Des chercheurs de l’Institute for Health Research and Policy de l’Université de l’Illinois à Chicago ont lancé le 15 décembre la première édition de l’International Cigarette Tax Scorecard lors du 18e webinaire de la Conférence mondiale sur le tabac ou la santé. Cette grille d’évaluation[1] analyse la performance des politiques fiscales des cigarettes dans 174 pays.

À l’aide des données de l’Organisation mondiale de la santé, la grille d’évaluation repose sur quatre critères : le prix en valeur absolue des cigarettes, ajusté en parité de pouvoir d’achat (PPA) pour comparer les prix entre les pays), l’évolution de l’accessibilité financière des cigarettes au fil du temps, la part des taxes dans les prix de détail et le type de taxes.

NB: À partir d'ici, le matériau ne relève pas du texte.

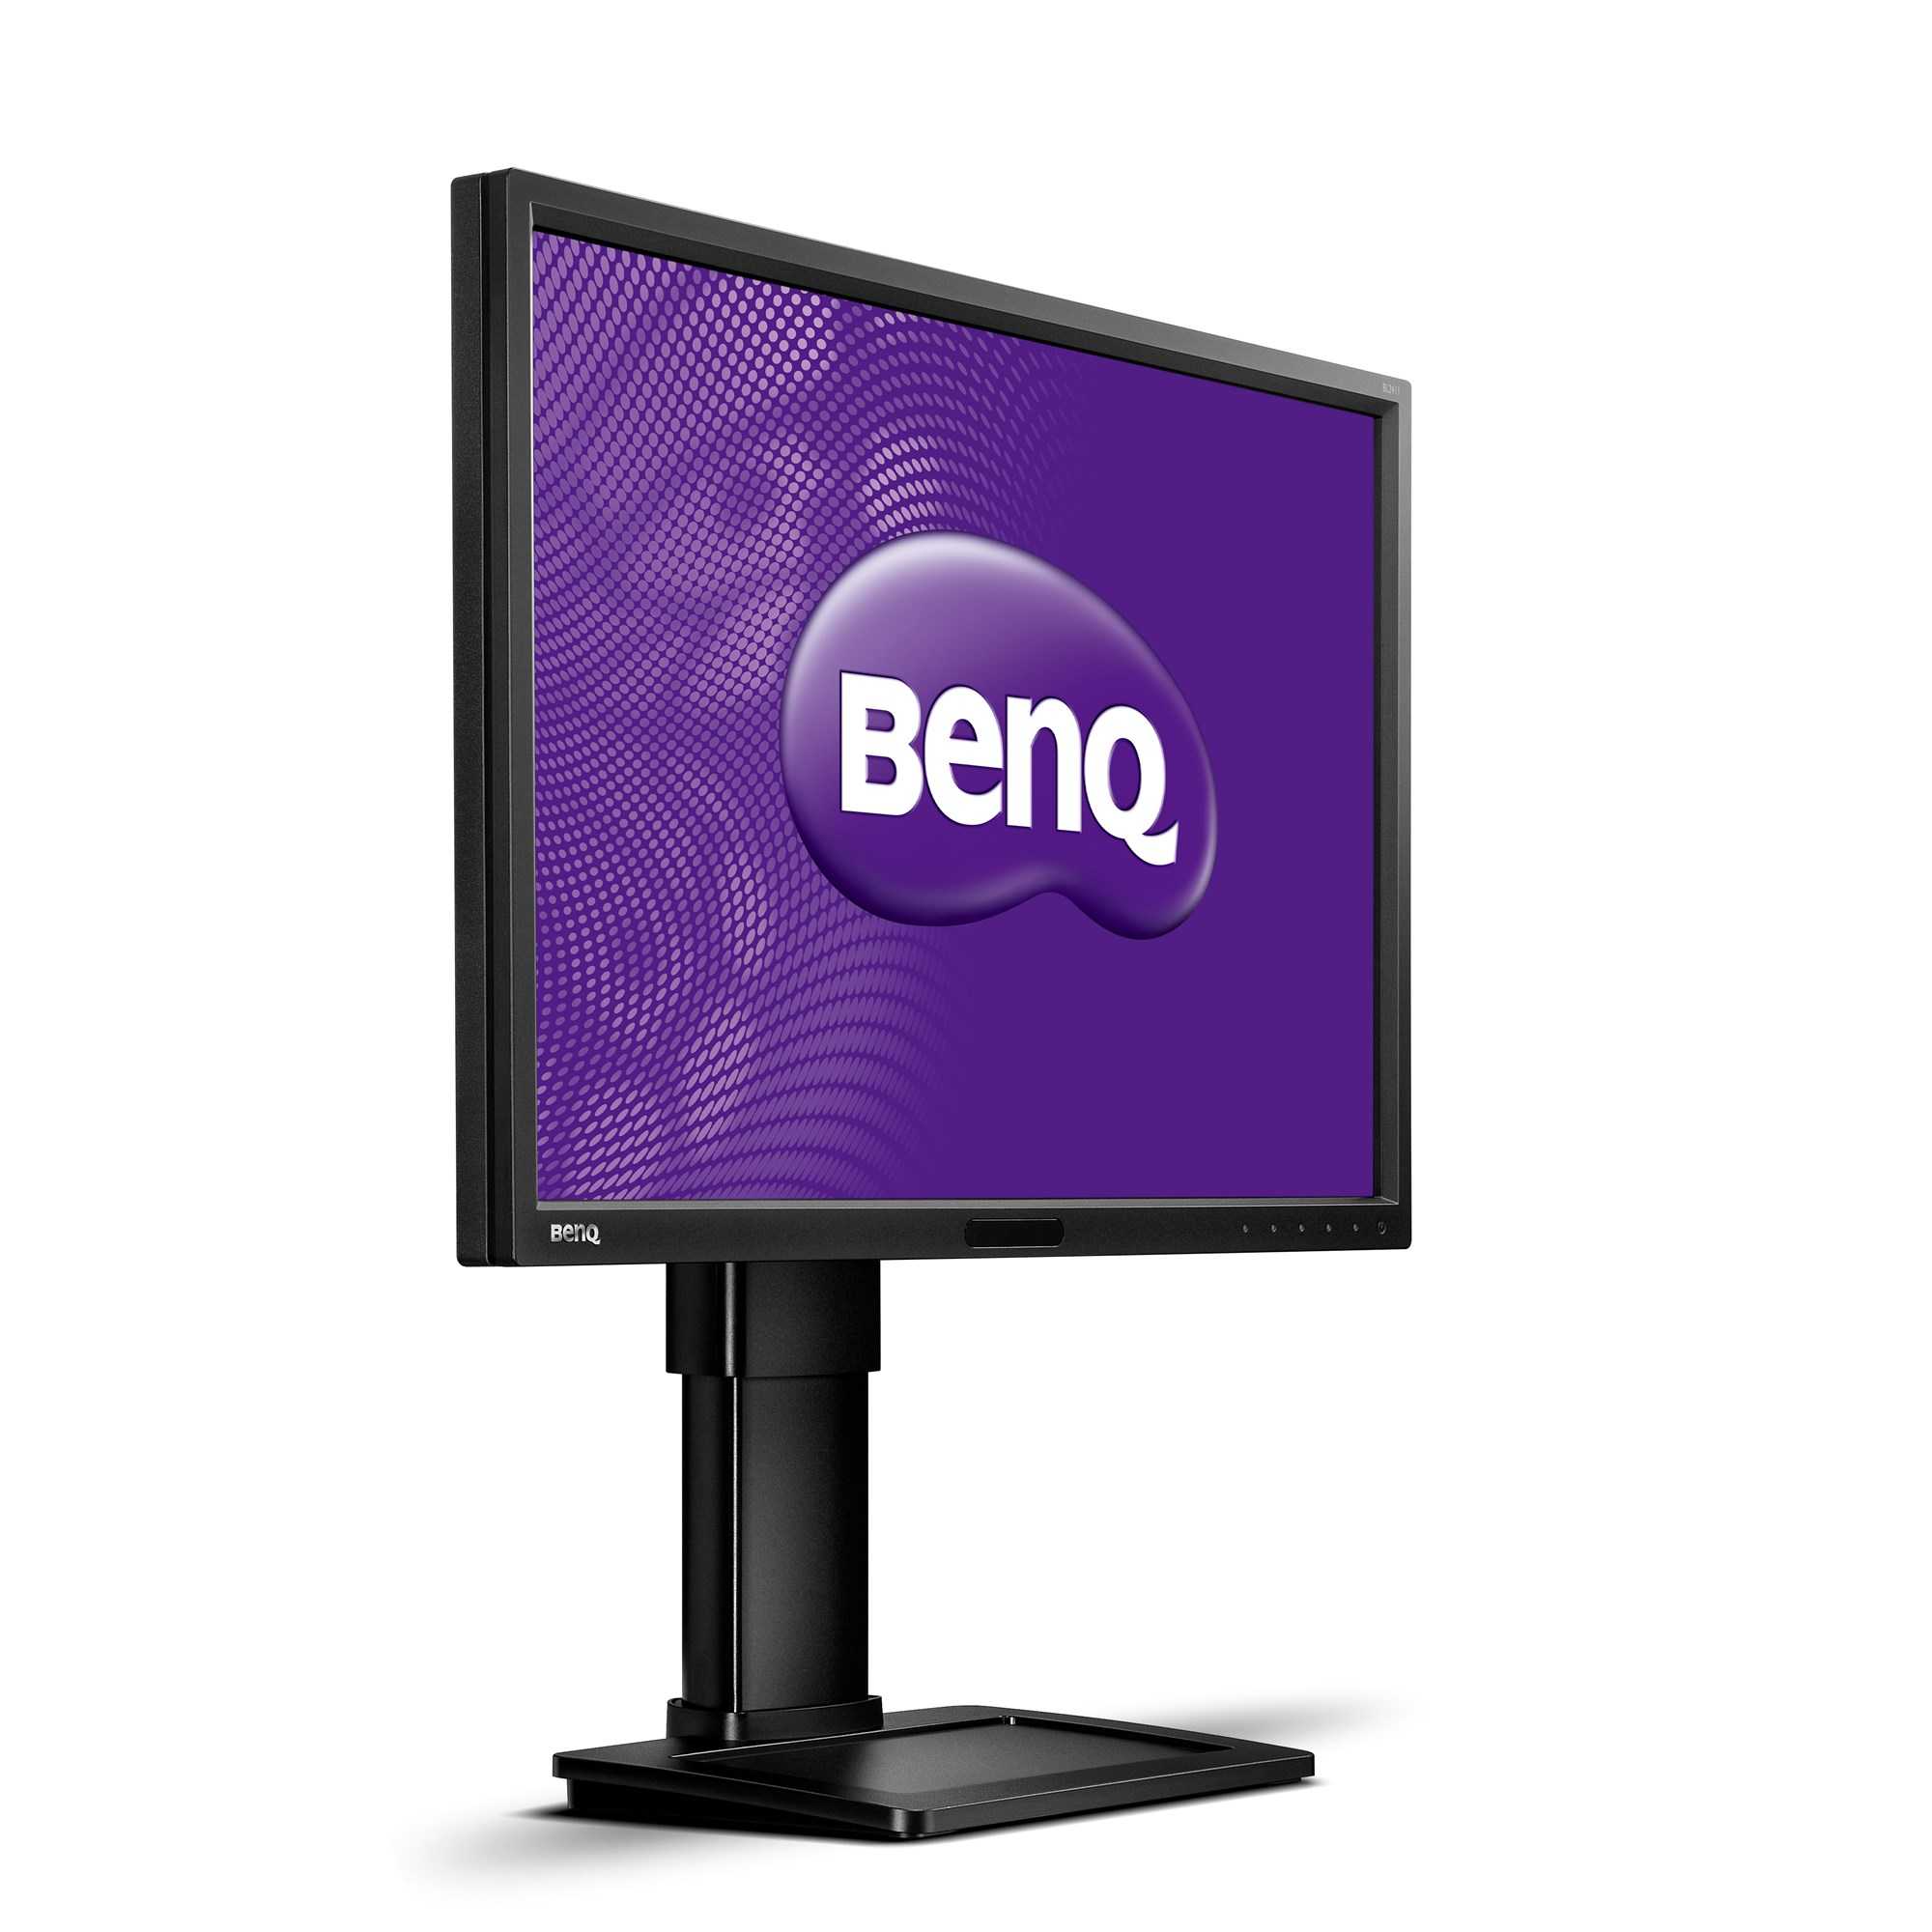 Benq bl2400pt - описание, характеристики, тест, отзывы, цены, фото

Une note sur 5 est attribuée à chaque pays, la note totale reflétant une moyenne des notes des quatre composantes (5 étant la meilleure note).

Des disparités importantes selon les pays

Seuls quatre pays ont obtenu un score de 4 ou plus, l’Australie et la Nouvelle-Zélande, avec des scores de 4,63, suivis de l’Équateur et du Royaume-Uni, avec des scores de 4,38.  L’Australie et la Nouvelle-Zélande avec leurs droits élevés² d’accise spécifique, uniformes et qui adoptent des augmentations régulières ont considérablement réduit l’accessibilité des cigarettes. Le paquet de cigarettes en Australie coûtait moyenne à 14,47 $ PPA en 2018, et 16,08 $ en Nouvelle-Zélande.  Les pays où les politiques fiscales sur les cigarettes ont le plus progressé depuis 2014 sont Bahreïn (+3 points), l’Arabie saoudite (+2,75), les Émirats arabes unis (+2,75), le Kirghizistan (+2,50) et les Philippines (+2,50). Ces améliorations reflètent l’introduction de droits d’accise élevés sur les cigarettes et la simplification du mécanisme fiscal applicable aux cigarettes. La France se classe au 13e rang, ex-aequo avec la Bosnie-Herzégovine, la Grèce, la Norvège et la Serbie en Europe avec un score de 3,63.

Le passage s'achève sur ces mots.